This behaviour is a result of a race condition.

When you open a file, you are saying

	"Give me the index into my open file table of the struct
	 file * whose f_data points to the struct vnode for the
	 file I am opening, and whose f_offset is set to the end
	 of the file *at the time the write is issued*"

Now what does O_APPEND mean?

	"When you can vn_open on the nameidata pointer, when you
	 call the VOP_OPEN, pass the FAPPEND bit in the fmode
	 argument, where all the FS's will (incorrectly) compare
	 it to IO_APPEND, which will work because FAPPEND is
	 defined as IO_APPEND in fcntl.h"

When nfs_write() is called (in /sys/nfs/nfs_bio.c), if the ioflag
contains IO_APPEND, then a VOP_GETATTR is issued on the vp, and
the uio->uio_offset is set to the value of n_size, which came
from the cache.

The cache value is set from va_size from a proxied VOP_GETATTR
to the remote system, but *ONLY* if the lease has expired on its
own, or has explicitly been expired.

What you are seeing is the result of n_attrstamp not being updated
when it should be.

In fact, you are seeing a race between the flock( fd, LOCK_UN), and
the atime/mtime updates as a result of the operations by write #1.


And if you trace down this race window, you will see that what is
happening is that your write call is not calling VOP_LEASE.

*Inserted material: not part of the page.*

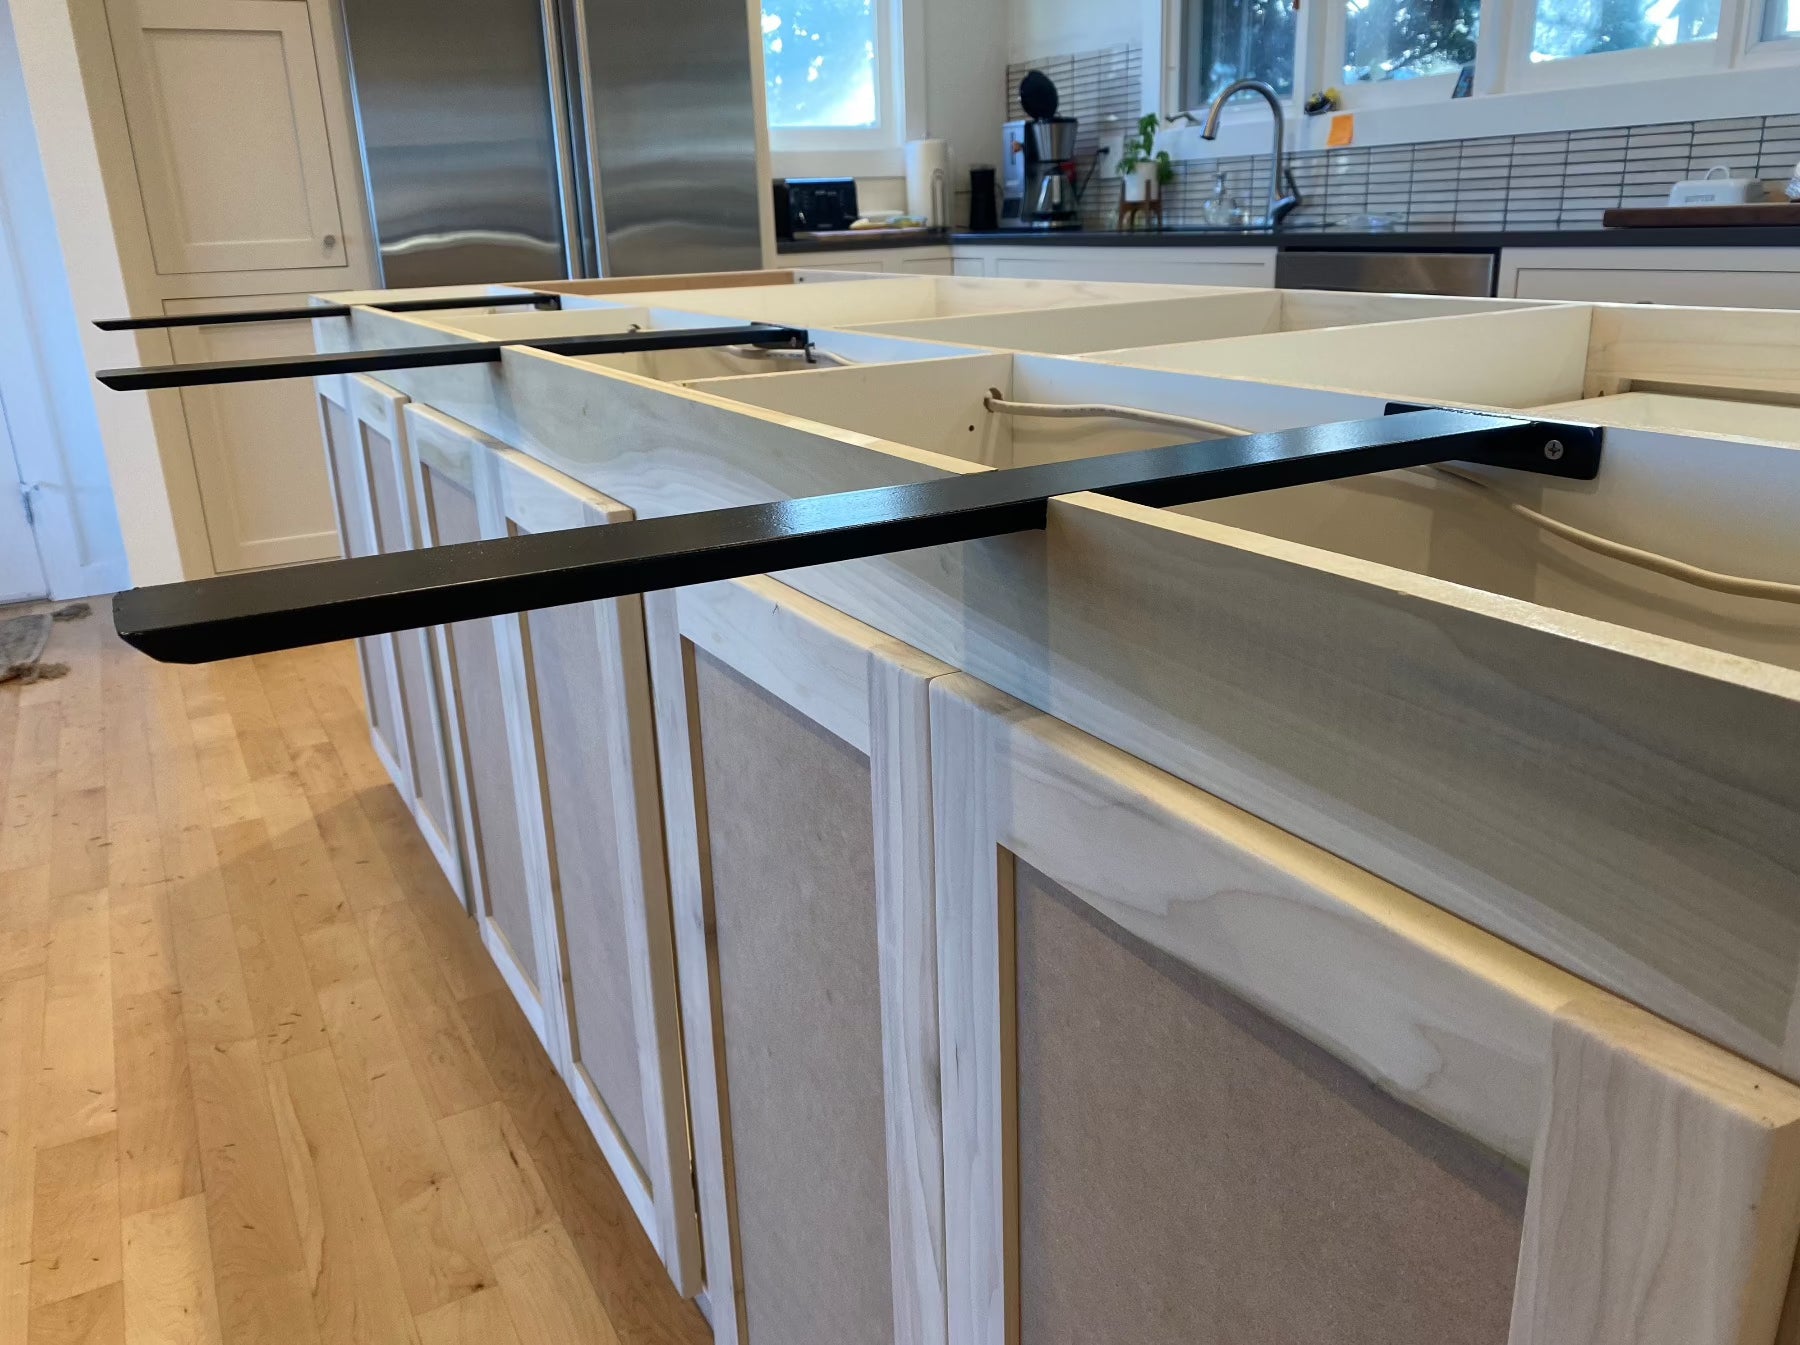 brackets to support countertop on cabinet
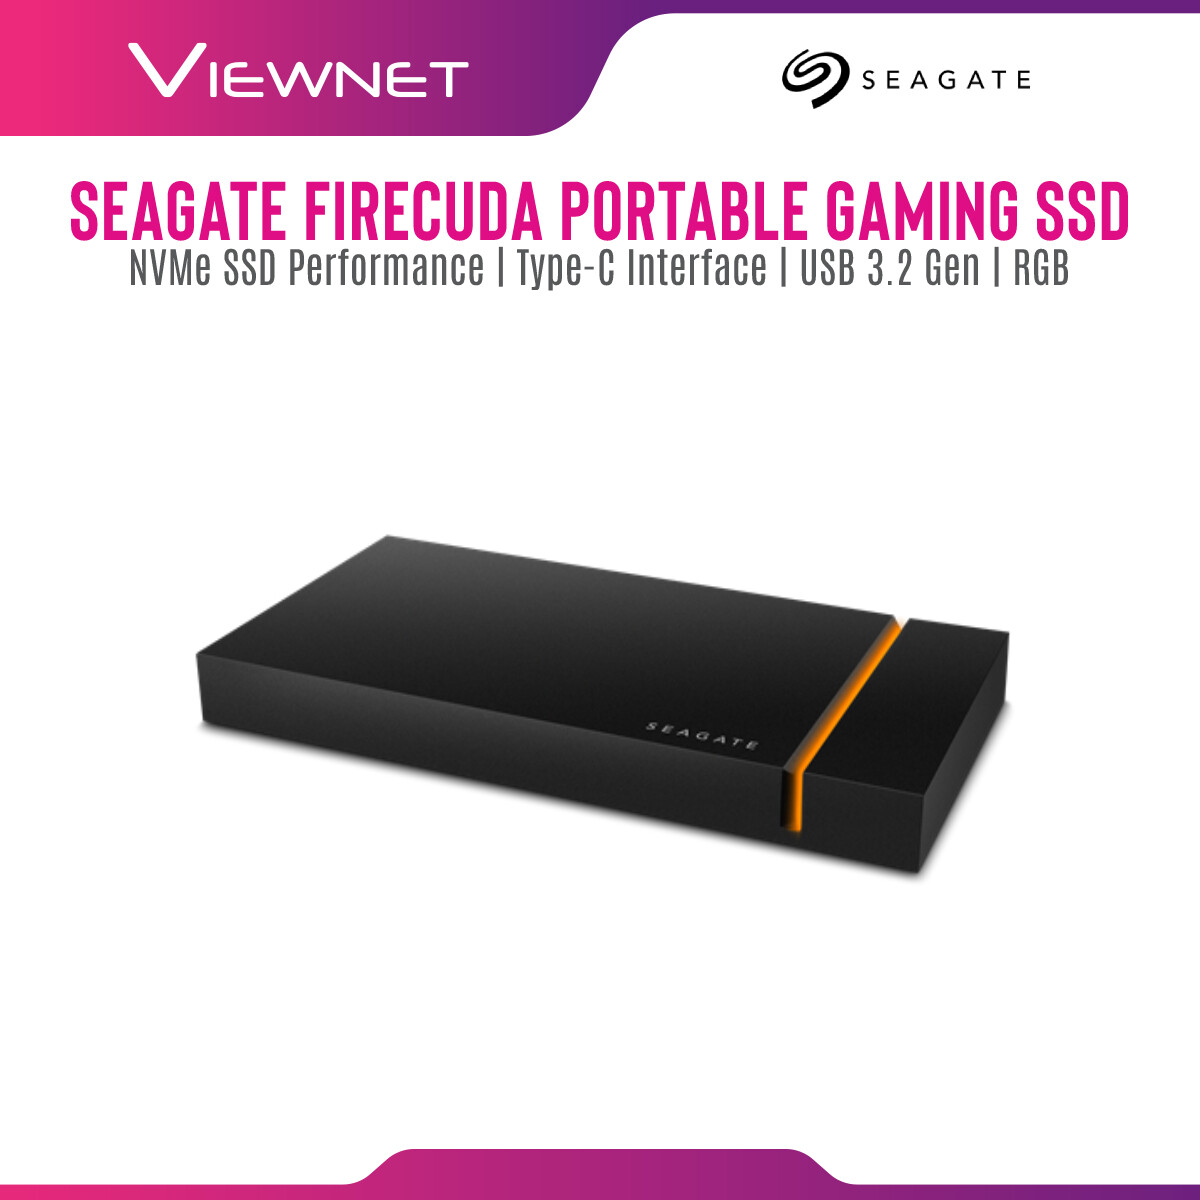 Seagate FireCuda Gaming SSD (1TB) with USB-C Connection, Up To 2000MB/s Transfer Speed, Customisable RGB LED Lighting , USB 3.2Gen 2x2, NVMe SSD Performance

You can get the patch for the files:

	/sys/kern/kern_ktrace.c
	/sys/kern/link_aout.c
	/src/sys/kern/tty_tty.c
	/sys/kern/vfs_vnops.c

From:

	http://www.freebsd.org/~terry/DIFF.LEASE

Note: I am not terribly happy about this code.  I believe VOP_LEASE
should be called with the vp locked, but I don't do this in two
vn_rdwr cases because of the indeterminate vp lock state.  Of course,
the existing code blows this all to hell (SMP problems with NFS,
anyone?).

The only way to really fix this reasonable would be to get rid of
vn_rdwr, and replace it with vn_read or vn_write, as appropriate
to the situation.  Luckily this is really only a problem for the
ktrace and other unlikely code (it used to be a problem for the
image activator, too, until John fixed it after I complained about
it).

Pretty clearly vn_rdwr was a hack to avoid locking and unlocking
the vp over every call (cough, cough, lazy thinking, cough, cough).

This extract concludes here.